Nuvini Founder and CEO Pierre Schurmann Commits $6 Million at Significant Premium to Market Price
~ Founder Commits Personal
Capital at $4.00 Per Share, Demonstrating Strong
Insider Confidence ~
~ Investment Follows October Open Market Purchases by Management Team ~
NEW YORK, Dec. 05, 2025 (GLOBE NEWSWIRE) -- Nuvini Group Limited (Nasdaq: NVNI) (“Nuvini” or the “Company”), Latin America’s leading serial acquirer of B2B SaaS companies, today announced that Founder and Chief Executive Officer Pierre Schurmann has entered into a binding investment agreement to invest $6 million of personal capital in the Company through a direct private placement of equity securities, subject to closing conditions.

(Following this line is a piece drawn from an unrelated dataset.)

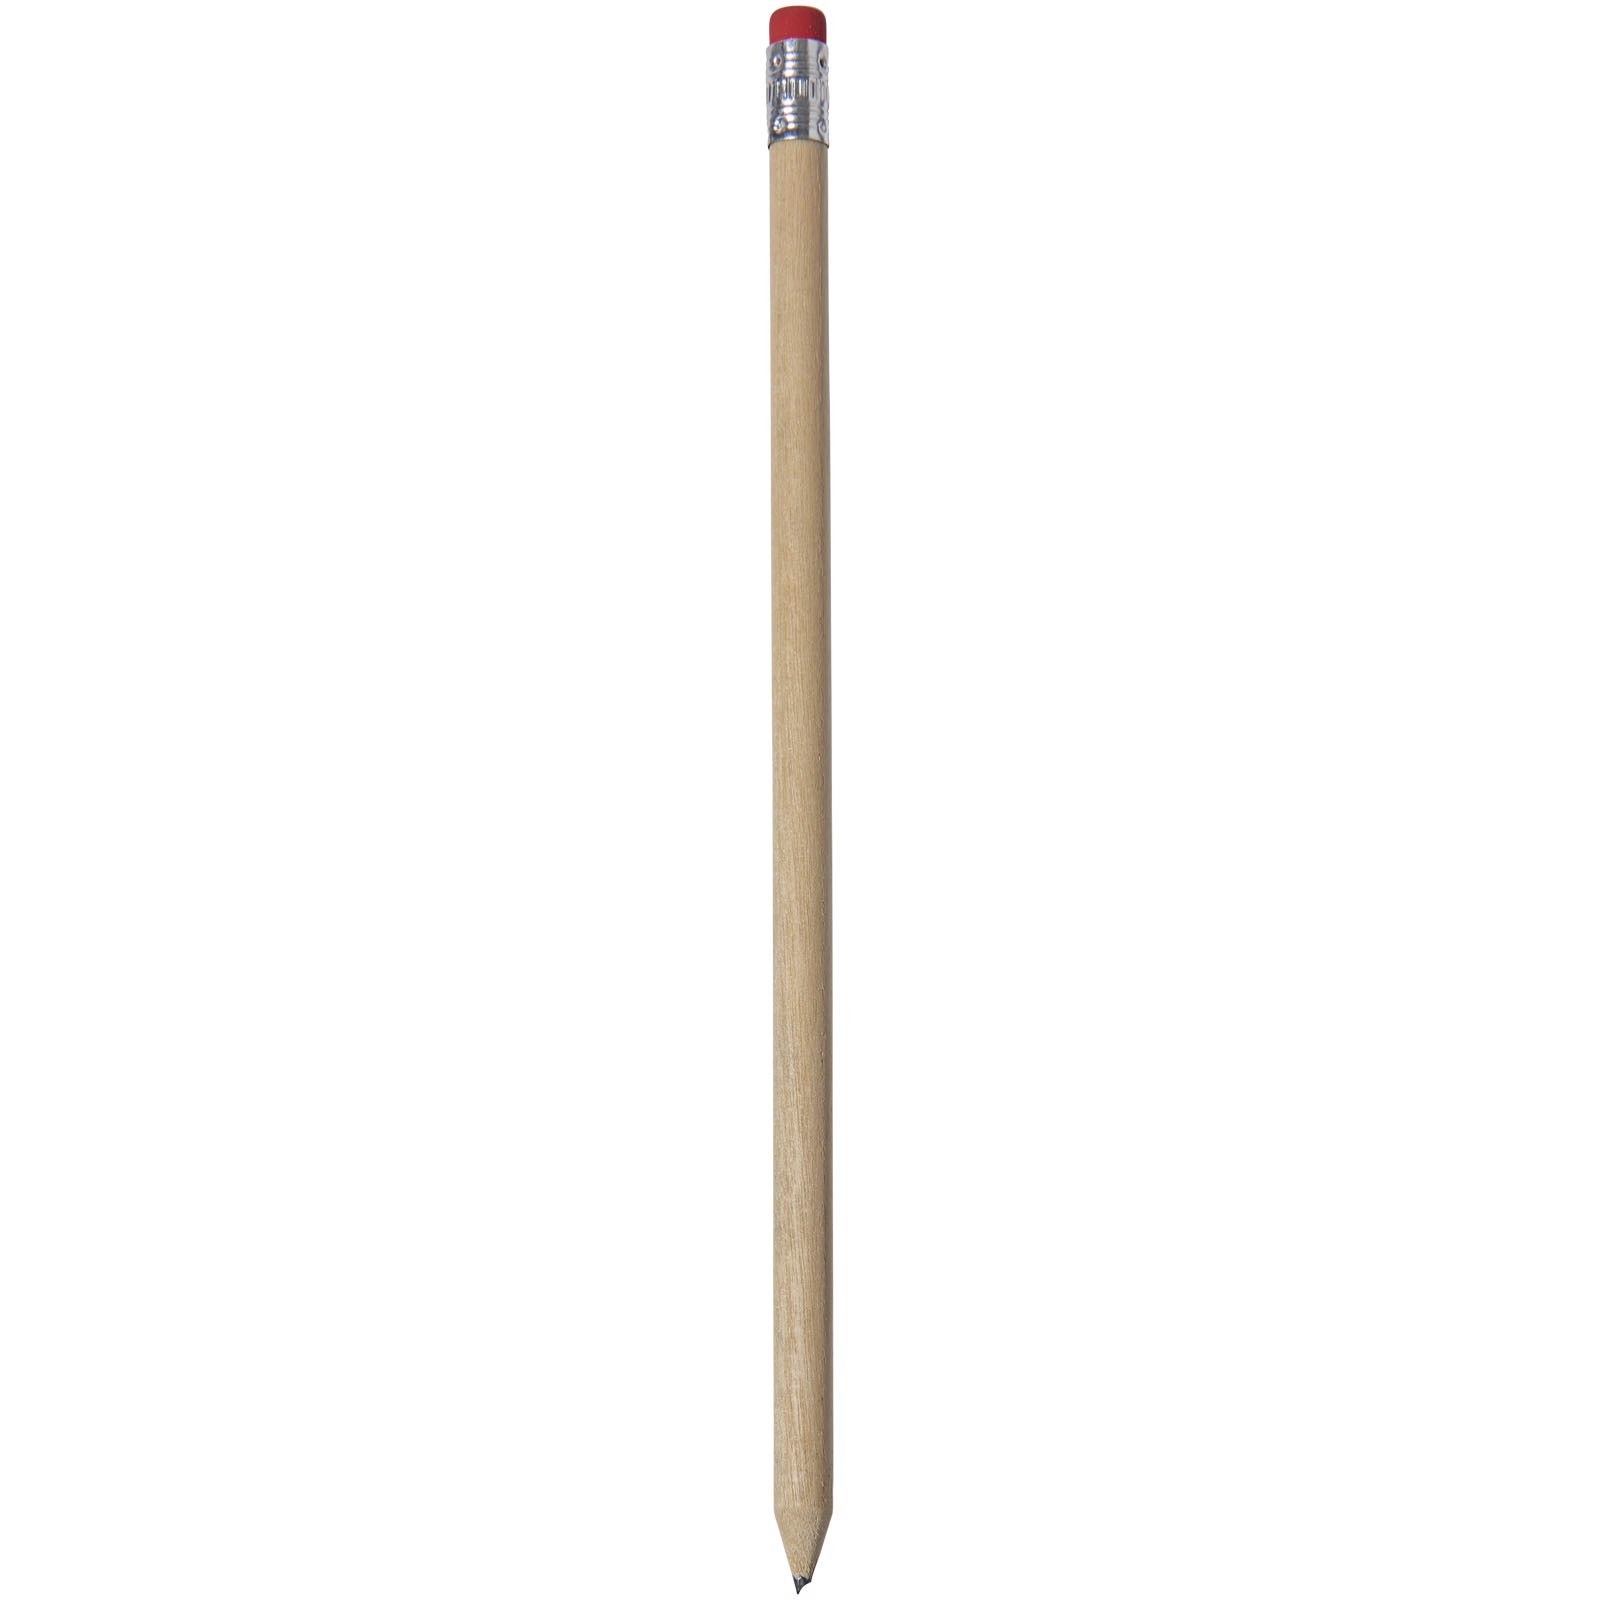 Cay wooden pencil with eraser - Natural / Red

The investment represents one of the strongest demonstrations of insider confidence, with Mr. Schurmann committing substantial personal funds at a purchase price of $4.00 per share—a significant premium to current market price—alongside warrants to purchase additional 300,000 shares at $25.00 per share. This transaction follows open market share purchases by members of Nuvini’s management team in October 2025.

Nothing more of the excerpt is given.